# 4.2 Star PAX!!



## flameoff (Jul 10, 2015)

Last night I got a Ping and saw passanger's rating was 4.2 lol
I'll try to screen capture it next time
I just stared at her rating for whole 15 second making sure my eyesight is correct and what I'm seeing is the actual correct number.


----------



## Adbam (Jun 25, 2015)

Your chicken and waffle pic looks delicious now I'm hungry. But you must be a little new because I've seen 5 to 10 pax with 3.* ratings. Usually it involves throw up and few other bad rides.


----------



## flameoff (Jul 10, 2015)

Adbam said:


> Your chicken and waffle pic looks delicious now I'm hungry. But you must be a little new because I've seen 5 to 10 pax with 3.* ratings. Usually it involves throw up and few other bad rides.


Oh boy....don't want to see that happends. So Uber just put up the passanger rating system for comfort the drivers but not really damaging thier business reputation.

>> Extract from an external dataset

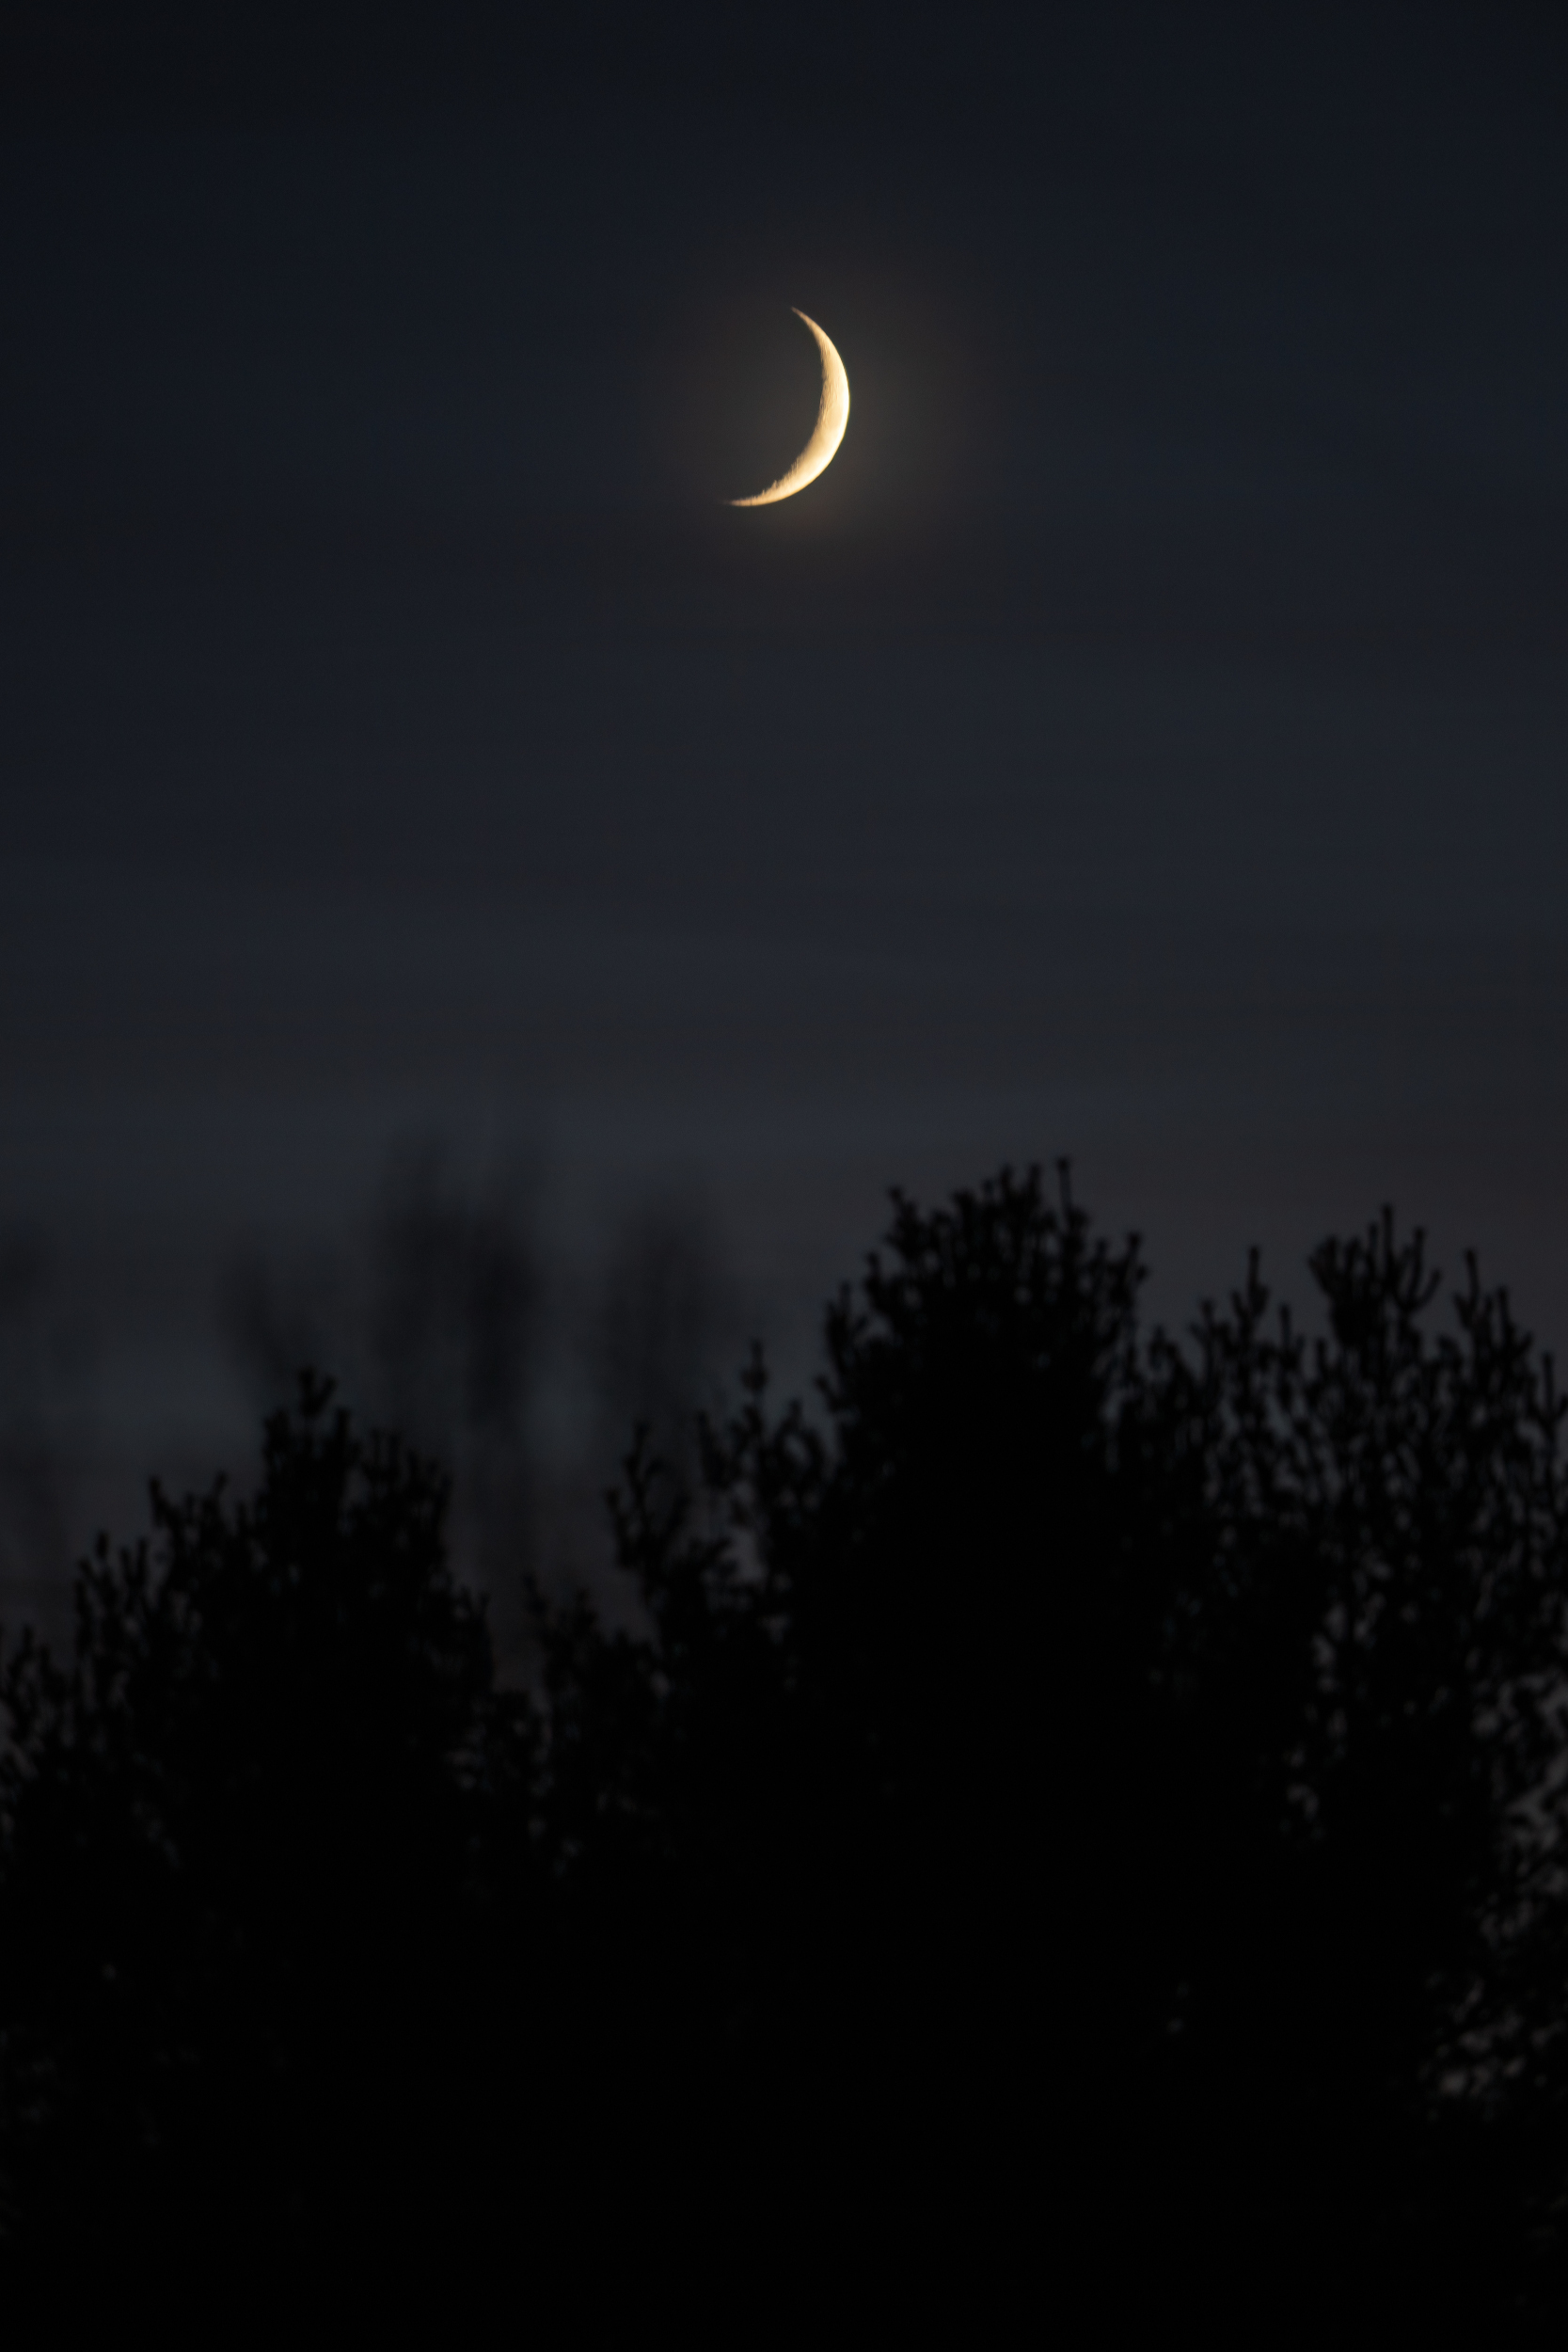 a photo a skinny crescent moon above some slightly out-of-focus trees and with some faint whispy clouds streaking the dark evening sky just 10 minutes after sunset.

That's really clever!!! (no sarcasm just amazed)


----------



## Adbam (Jun 25, 2015)

On top of that if a pax complains to Uber enough they will reset the pax rating to 5 stars.


----------



## LAJB (Feb 3, 2015)

flameoff said:


> Last night I got a Ping and saw passanger's rating was 4.2 lol
> I'll try to screen capture it next time
> I just stared at her rating for whole 15 second making sure my eyesight is correct and what I'm seeing is the actual correct number.


I've had pax with ratings as low as 1.5. I don't think the pax rating matters much.


----------



## flameoff (Jul 10, 2015)

Adbam said:


> On top of that if a pax complains to Uber enough they will reset the pax rating to 5 stars.

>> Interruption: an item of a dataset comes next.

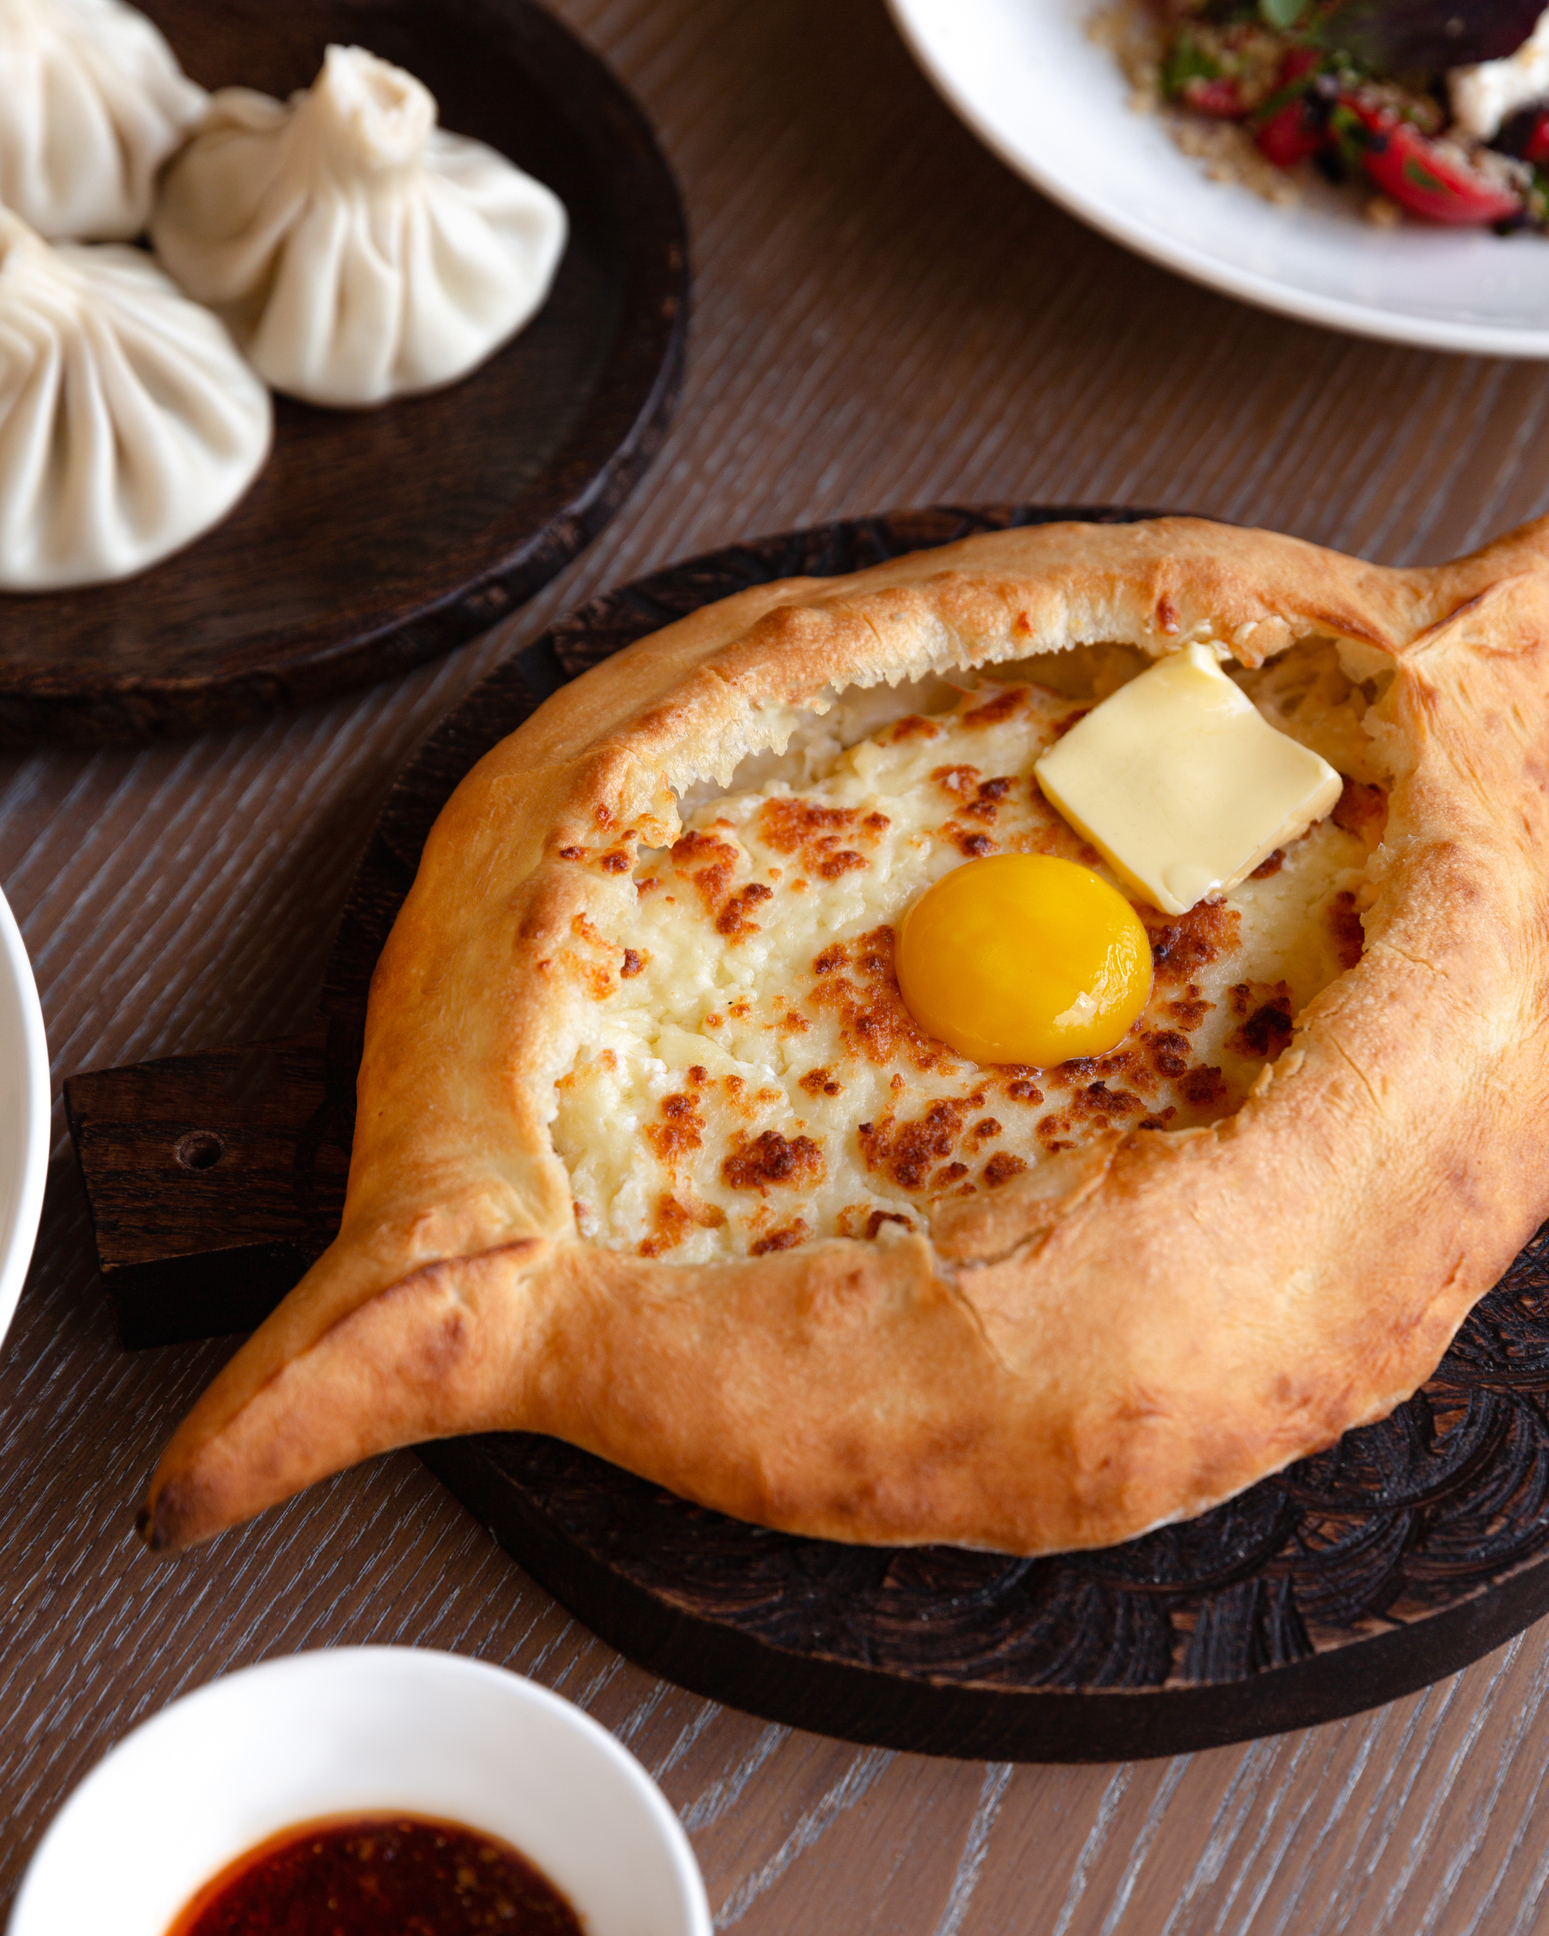 Georgian Khachapuri: bread boat with melted cheese, butter pat, raw egg on top, side of dumplings

Now that's really sicks!!!!!


----------



## Another Uber Driver (May 27, 2015)

I have had a one and one-point-five or two.


----------



## Bart McCoy (Nov 4, 2014)

pax ratings dont matter. at all. as long as they are paying for rides, they will ride until rating is 1.02


----------



## flameoff (Jul 10, 2015)

Bart McCoy said:


> pax ratings dont matter. at all. as long as they are paying for rides, they will ride until rating is 1.02


I always thought rating matters to the PAX as well....another shocking truth smh


----------



## Peterson (Jul 9, 2015)

Yesterday I got a pax - half drunk lady, with rating 3.6. She told now she lows Uber since her driver license suspended for 5 years. Ride was ok. I got 1* rating between other 5*s and I almost sure its from her.


----------



## Danz Haagen (Feb 11, 2015)

flameoff said:


> Last night I got a Ping and saw passanger's rating was 4.2 lol
> I'll try to screen capture it next time
> I just stared at her rating for whole 15 second making sure my eyesight is correct and what I'm seeing is the actual correct number.


lol, i have seen pax with 3.5. i decided to pick her up just for curiosity. she turned out to be ok, only brought food in the car, and sat quietly the whole time.


----------



## Uber Kraus (Jun 10, 2015)

Danz Haagen said:


> lol, i have seen pax with 3.5. i decided to pick her up just for curiosity. she turned out to be ok, only brought food in the car, and sat quietly the whole time.


Yeah, I've done a few 3s before. Only day time though...


----------



## G3tOv3rH3r3 (Jul 3, 2015)

I saw a 3 the other day, and I stared in awe as I watched the blue timer ping away.


----------